• [Work item]:
Would you repeat the listing exactly but omit every picture?

• [The data]:
——

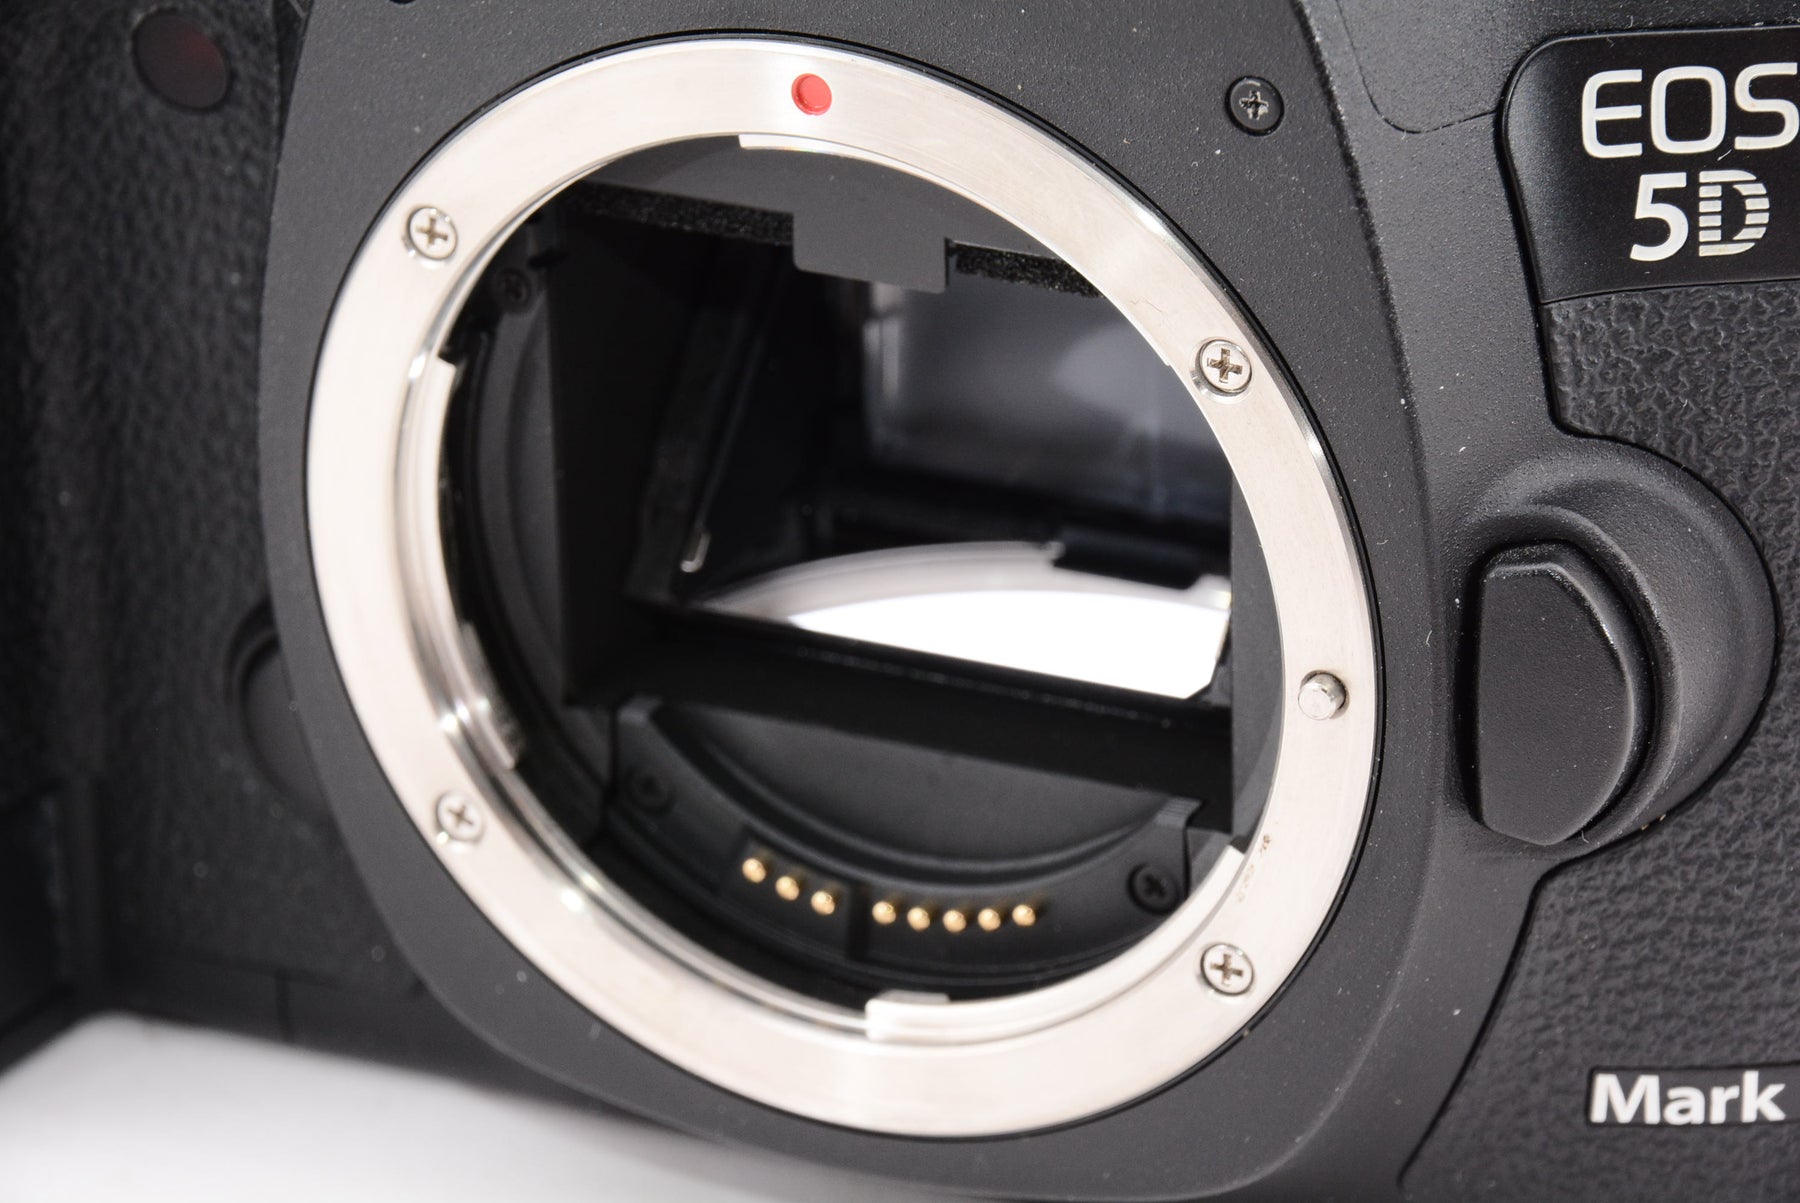 外観特上級】Canon デジタル一眼レフカメラ EOS 5D Mark III ボディ EOS5DMK3
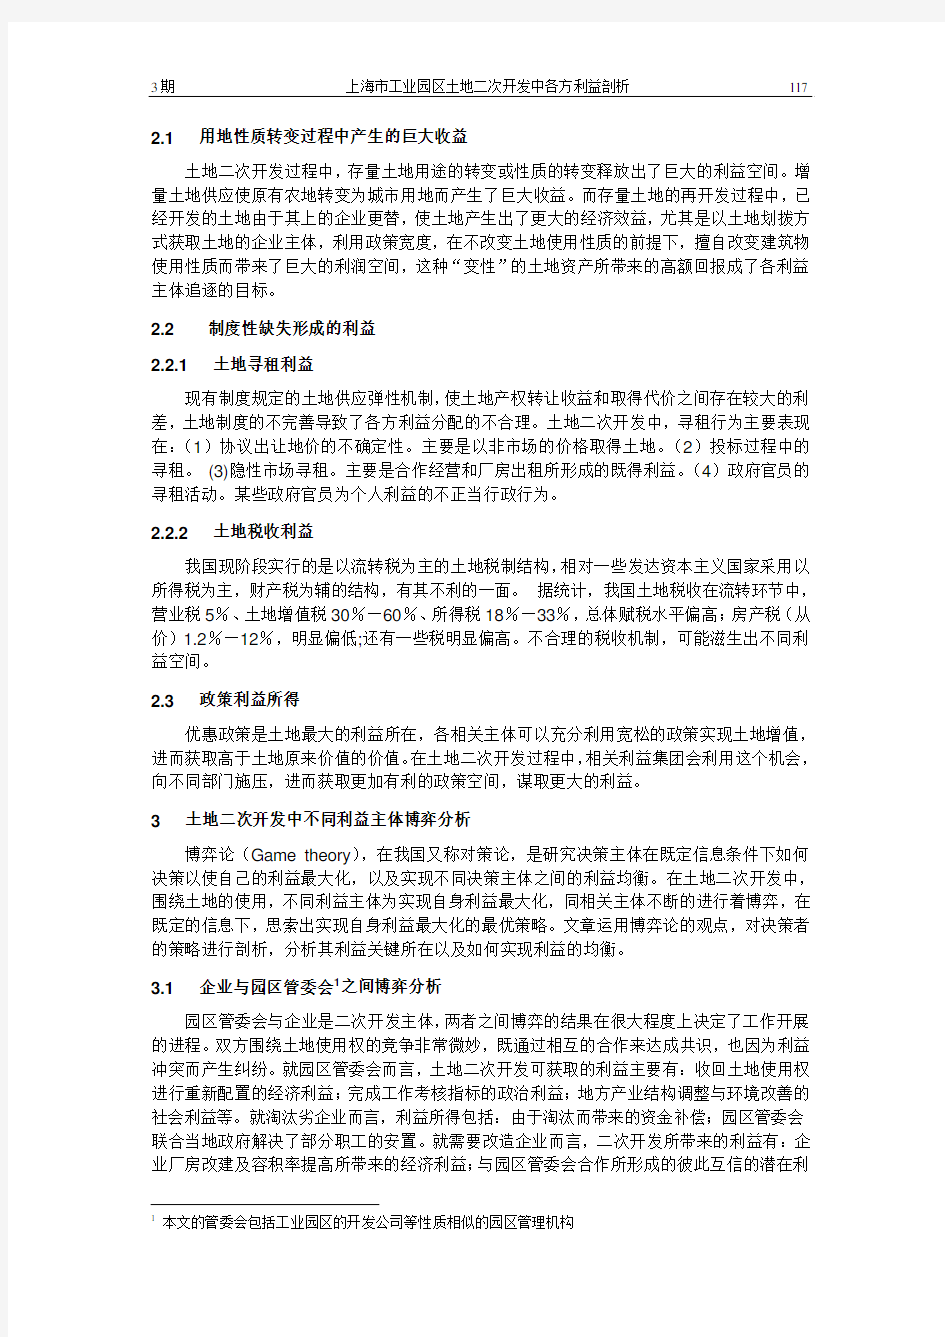 上海市工业园区土地二次开发中各方利益剖析——以漕河泾新兴技术开发区为例 0703_03
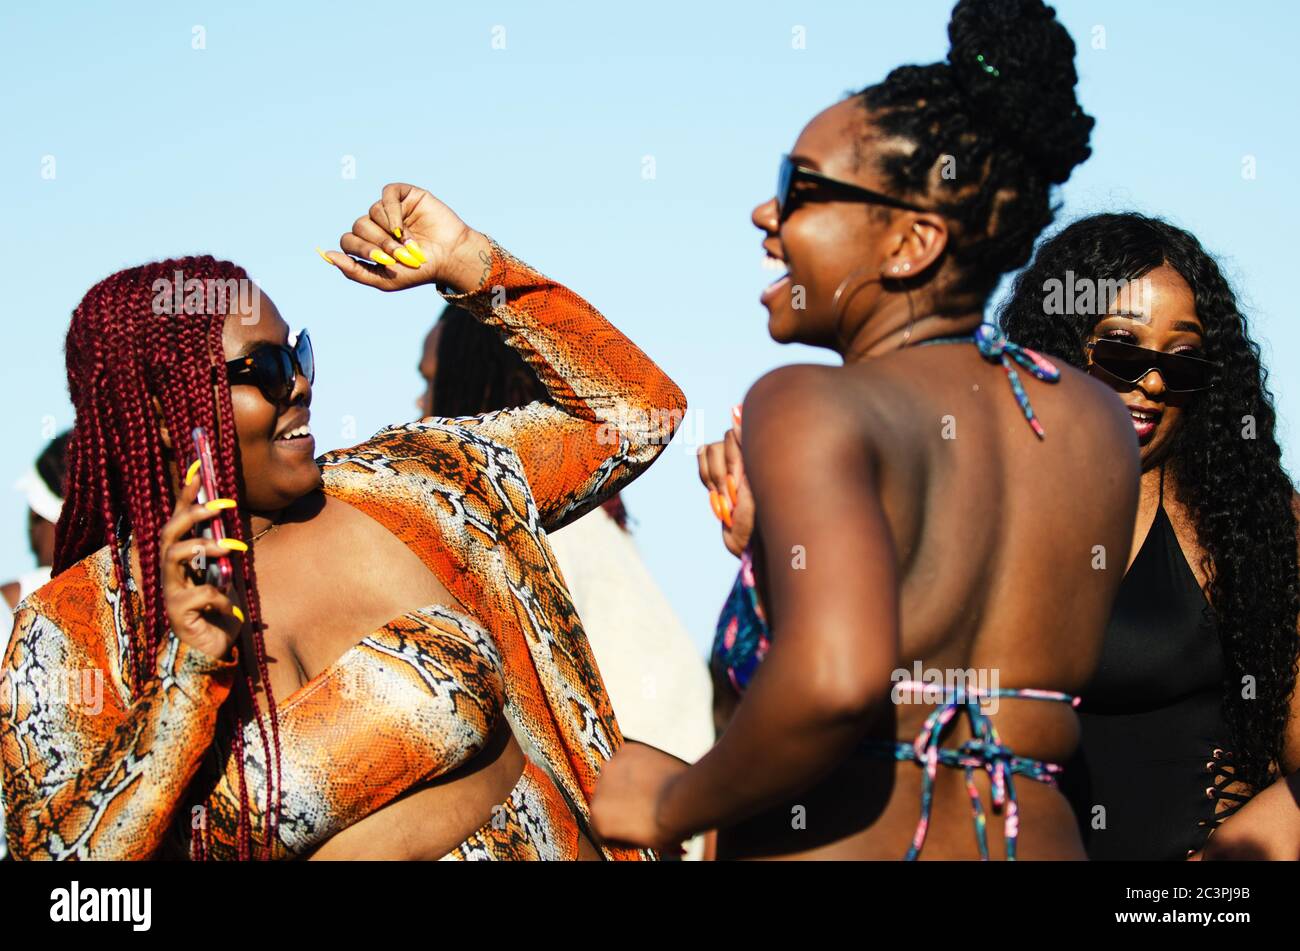 MIAMI - 16. MÄRZ 2019: Eine Gruppe junger Frauen tanzen für ihre Social-Media-Anhänger bei einem Treffen von Studenten feiern Frühlingsferien. Stockfoto
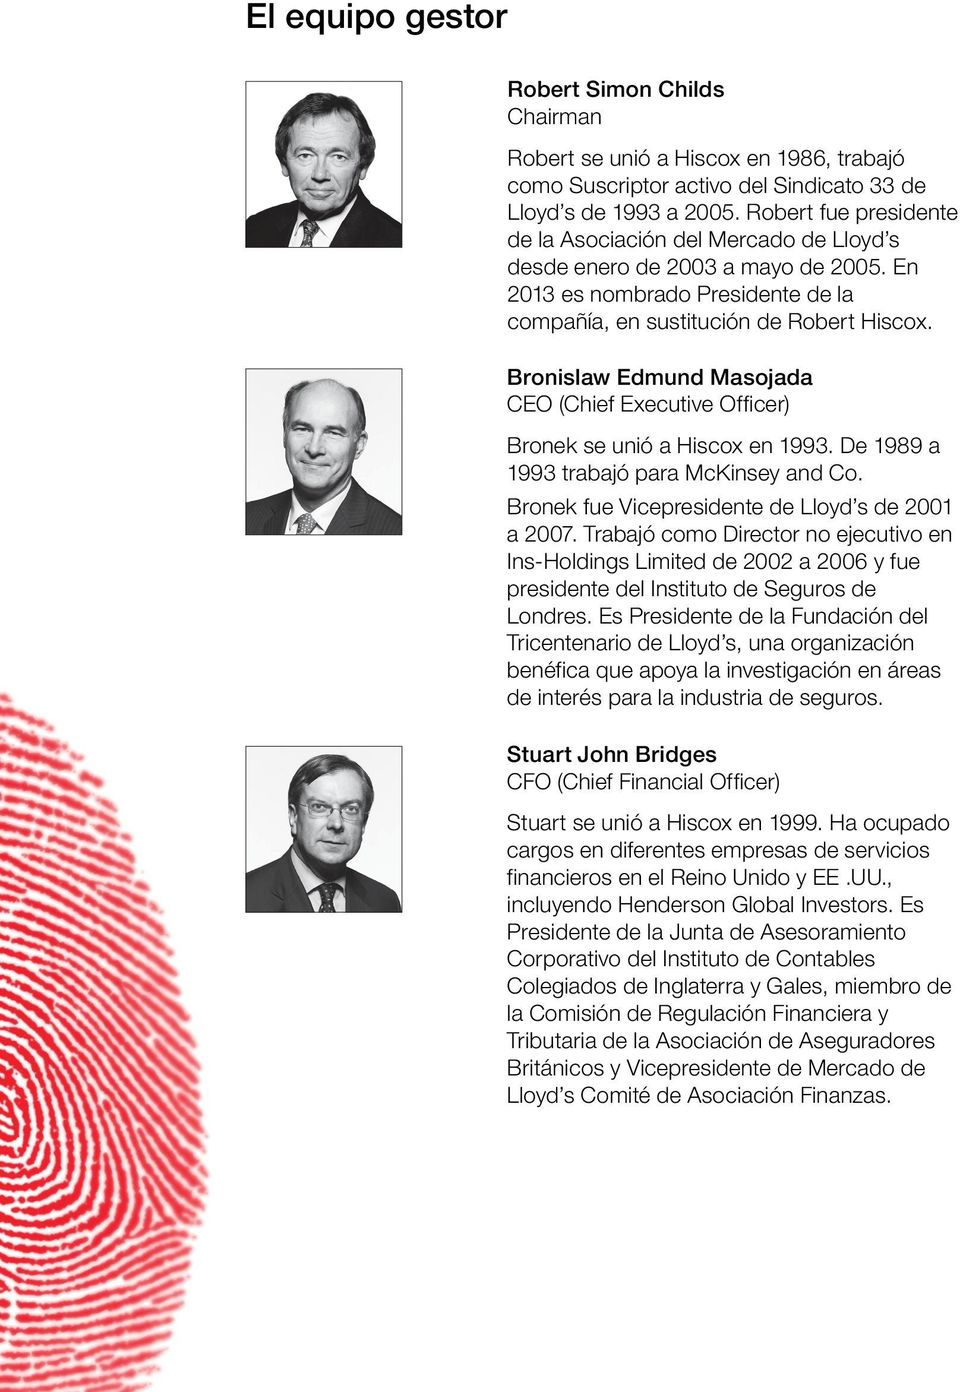 Bronislaw Edmund Masojada CEO (Chief Executive Officer) Bronek se unió a Hiscox en 1993. De 1989 a 1993 trabajó para McKinsey and Co. Bronek fue Vicepresidente de Lloyd s de 2001 a 2007.

——

• [Problem solution]:
 外観特上級】Canon デジタル一眼レフカメラ EOS 5D Mark III ボディ EOS5DMK3
 上海市工业园区土地二次开发中各方利益剖析——以漕河泾新兴技术开发区为例 0703_03
 MIAMI - 16. MÄRZ 2019: Eine Gruppe junger Frauen tanzen für ihre Social-Media-Anhänger bei einem Treffen von Studenten feiern Frühlingsferien. Stockfoto
 Bronislaw Edmund Masojada CEO (Chief Executive Officer) Bronek se unió a Hiscox en 1993. De 1989 a 1993 trabajó para McKinsey and Co. Bronek fue Vicepresidente de Lloyd s de 2001 a 2007.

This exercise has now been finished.